Task brief: Retype each entry verbatim. Do not include the images.

Data for analysis:
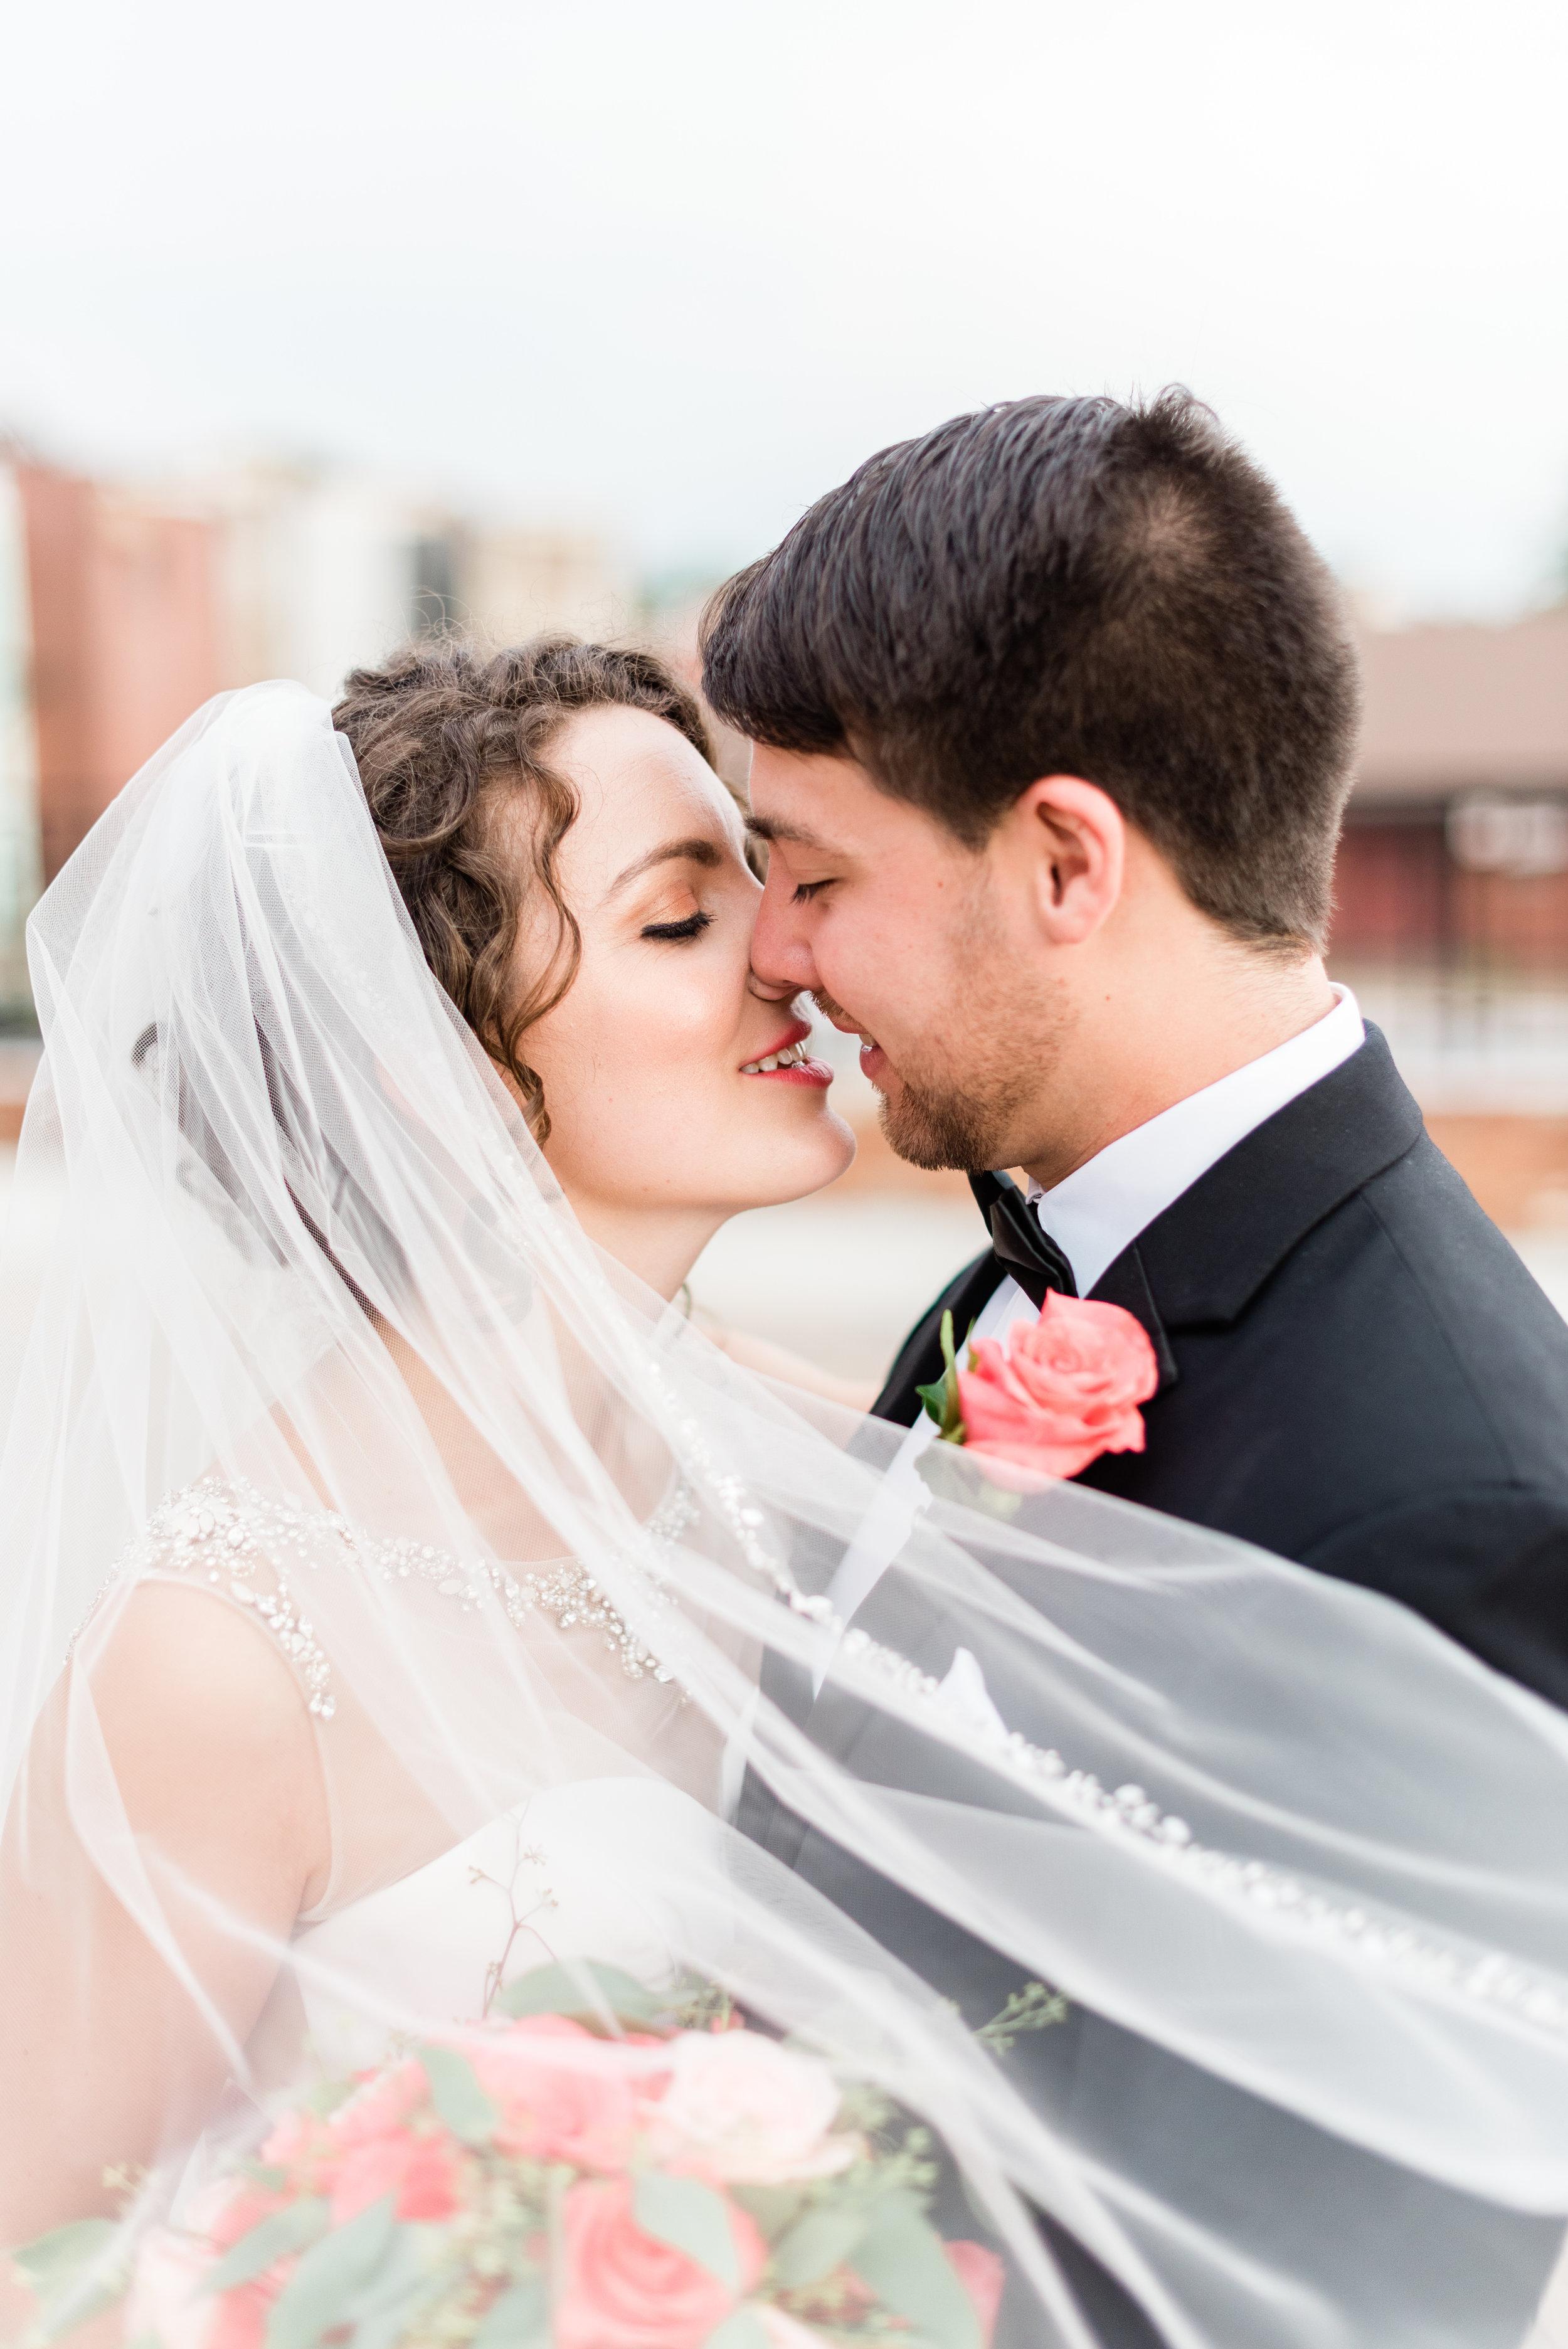 Bleckley Station Wedding 2018-2.jpg
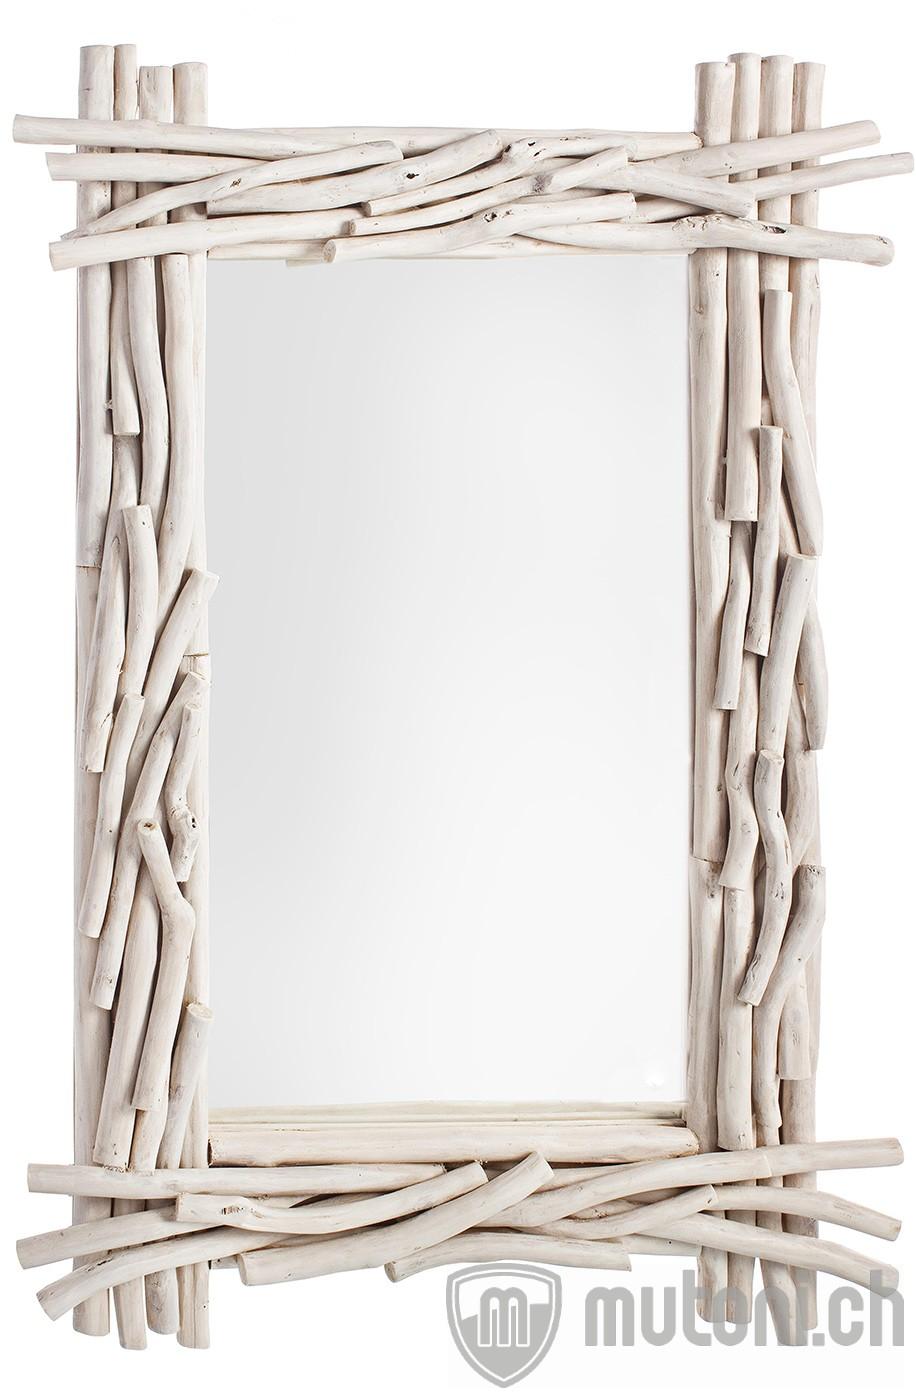 Spiegel sahel 90x60 wandspiegel spiegel accessoires for Spiegel 90x60
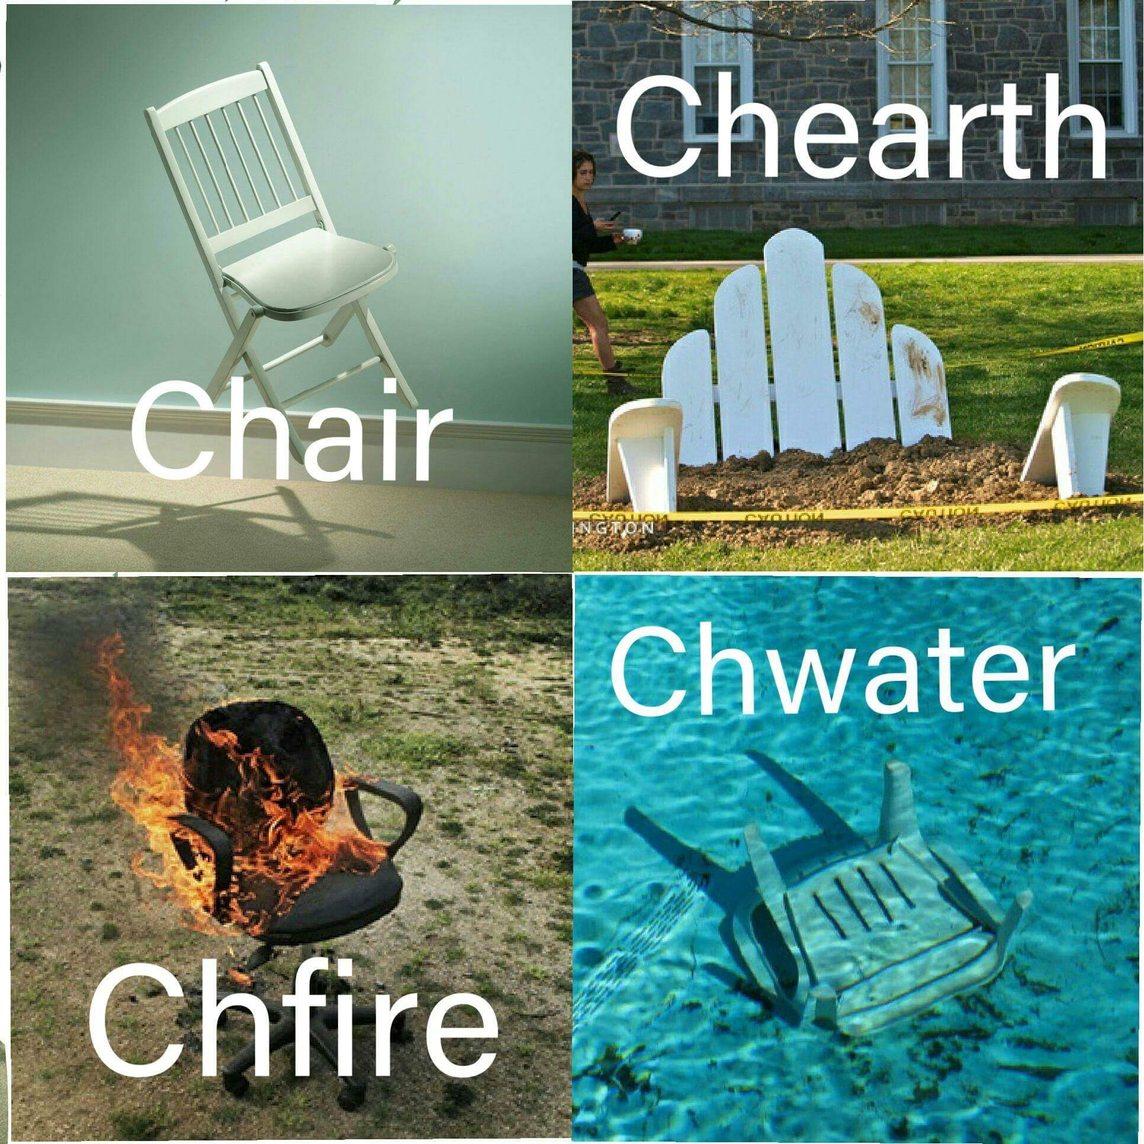 Elements - meme
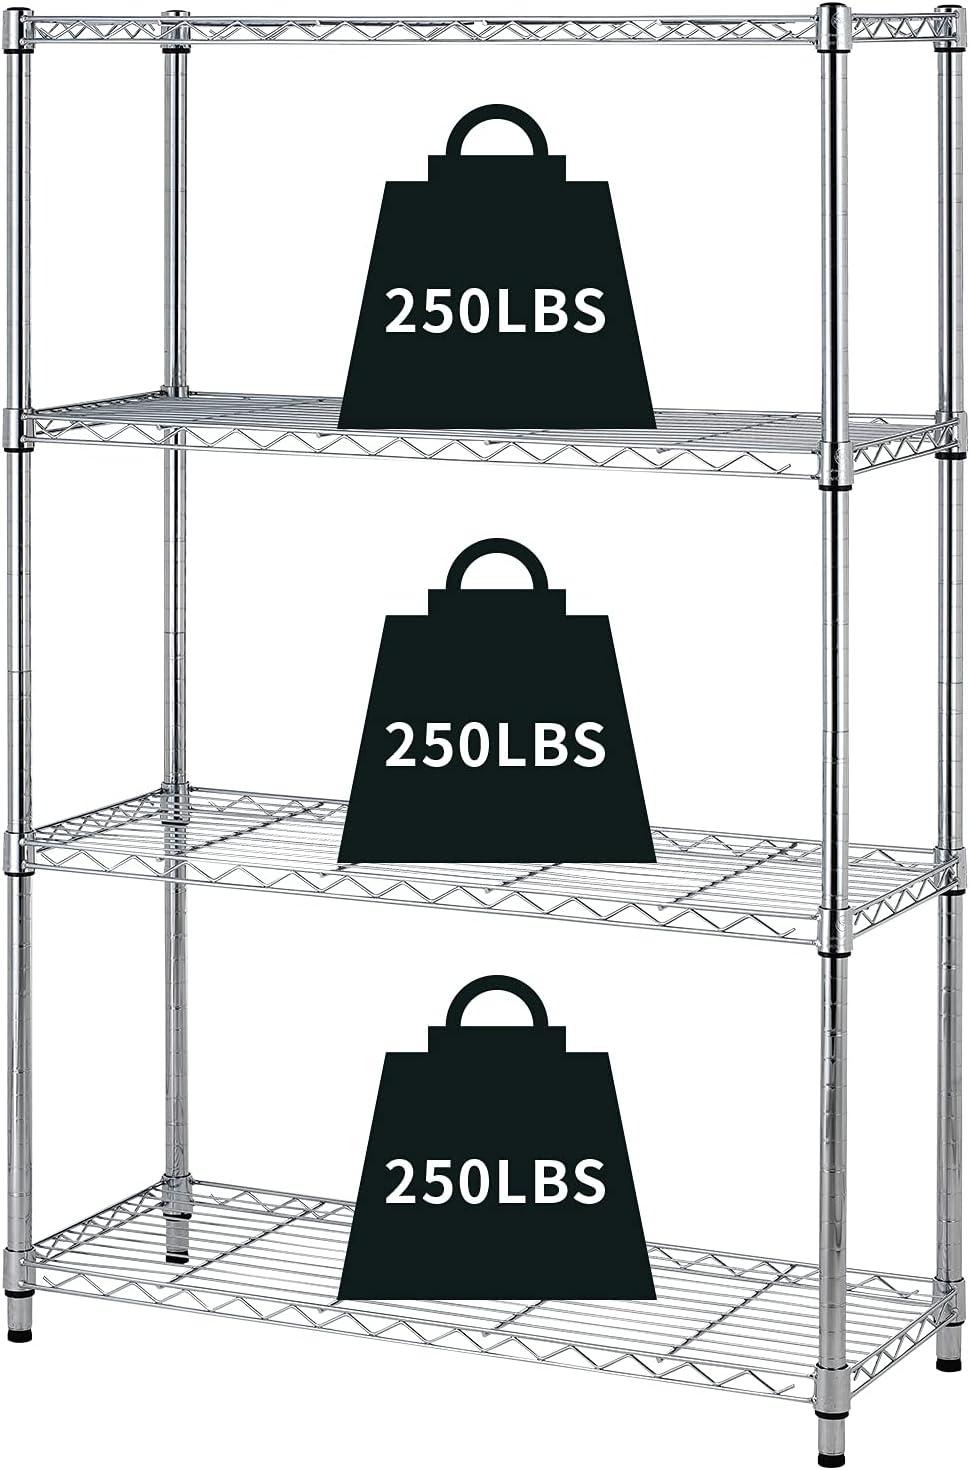 Rapid rise HCY Super special price 4-Tier Storage Shelf Heavy He Shelving Unit Duty NSF
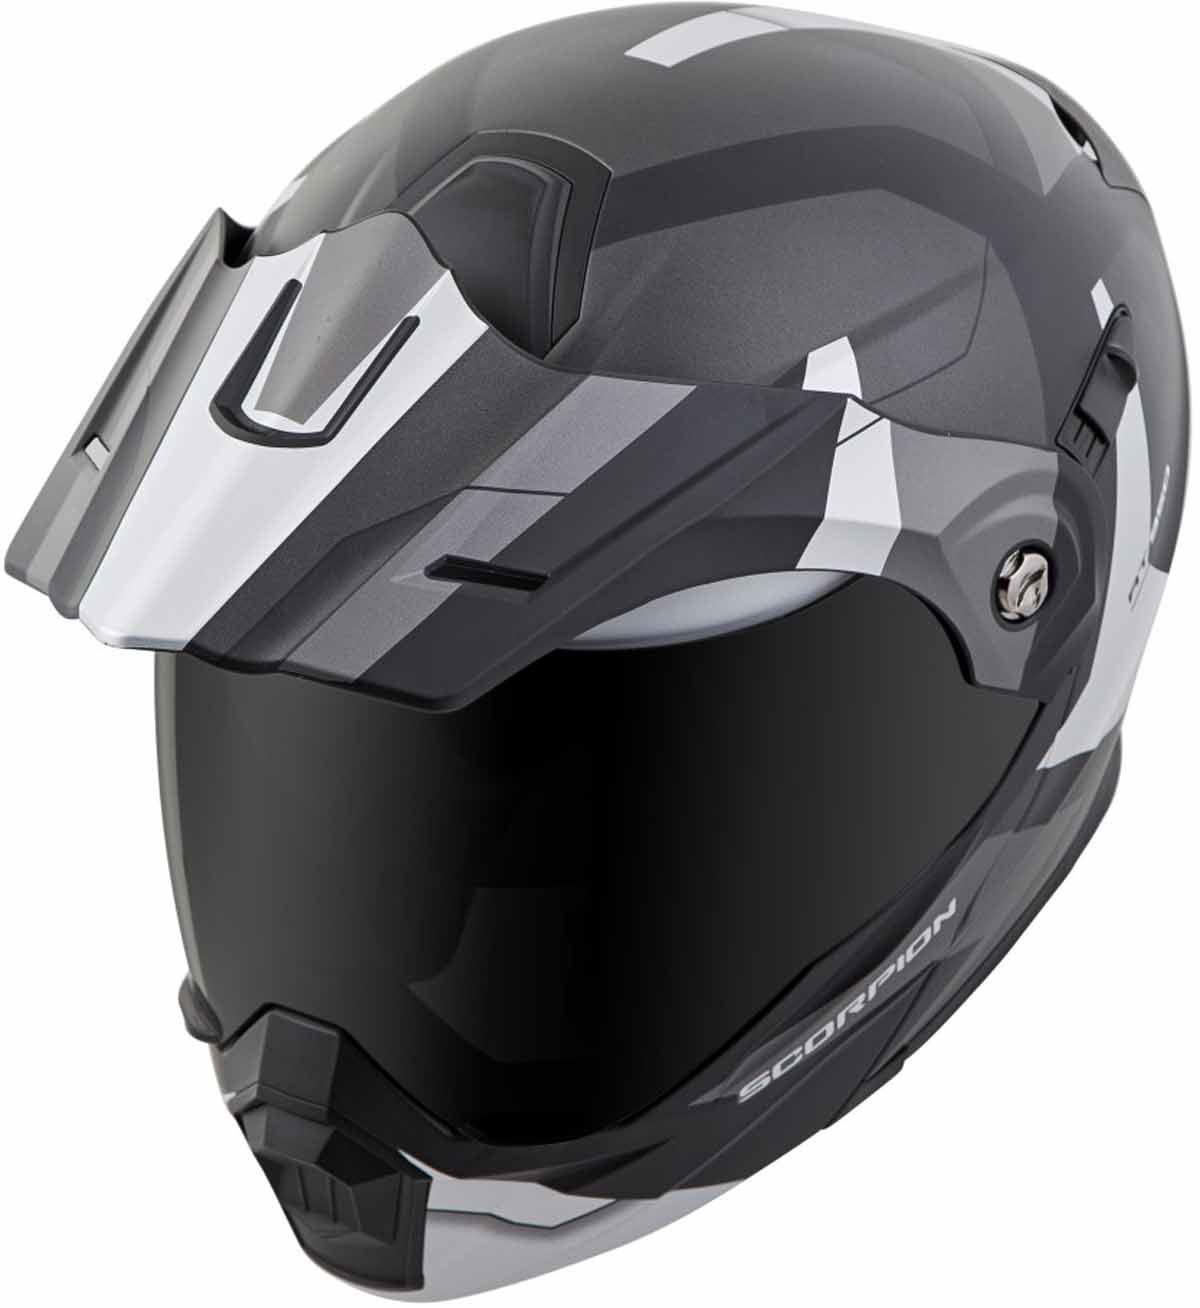 Scorpion-EXO-AT950-Helmet-Flip-Up-Modular-Dual-Sport-Adventure-ADV-DOT-XS-3XL miniature 33

Response area:
 Bleckley Station Wedding 2018-2.jpg
 Spiegel sahel 90x60 wandspiegel spiegel accessoires for Spiegel 90x60
 Elements - meme
 Rapid rise HCY Super special price 4-Tier Storage Shelf Heavy He Shelving Unit Duty NSF
 Scorpion-EXO-AT950-Helmet-Flip-Up-Modular-Dual-Sport-Adventure-ADV-DOT-XS-3XL miniature 33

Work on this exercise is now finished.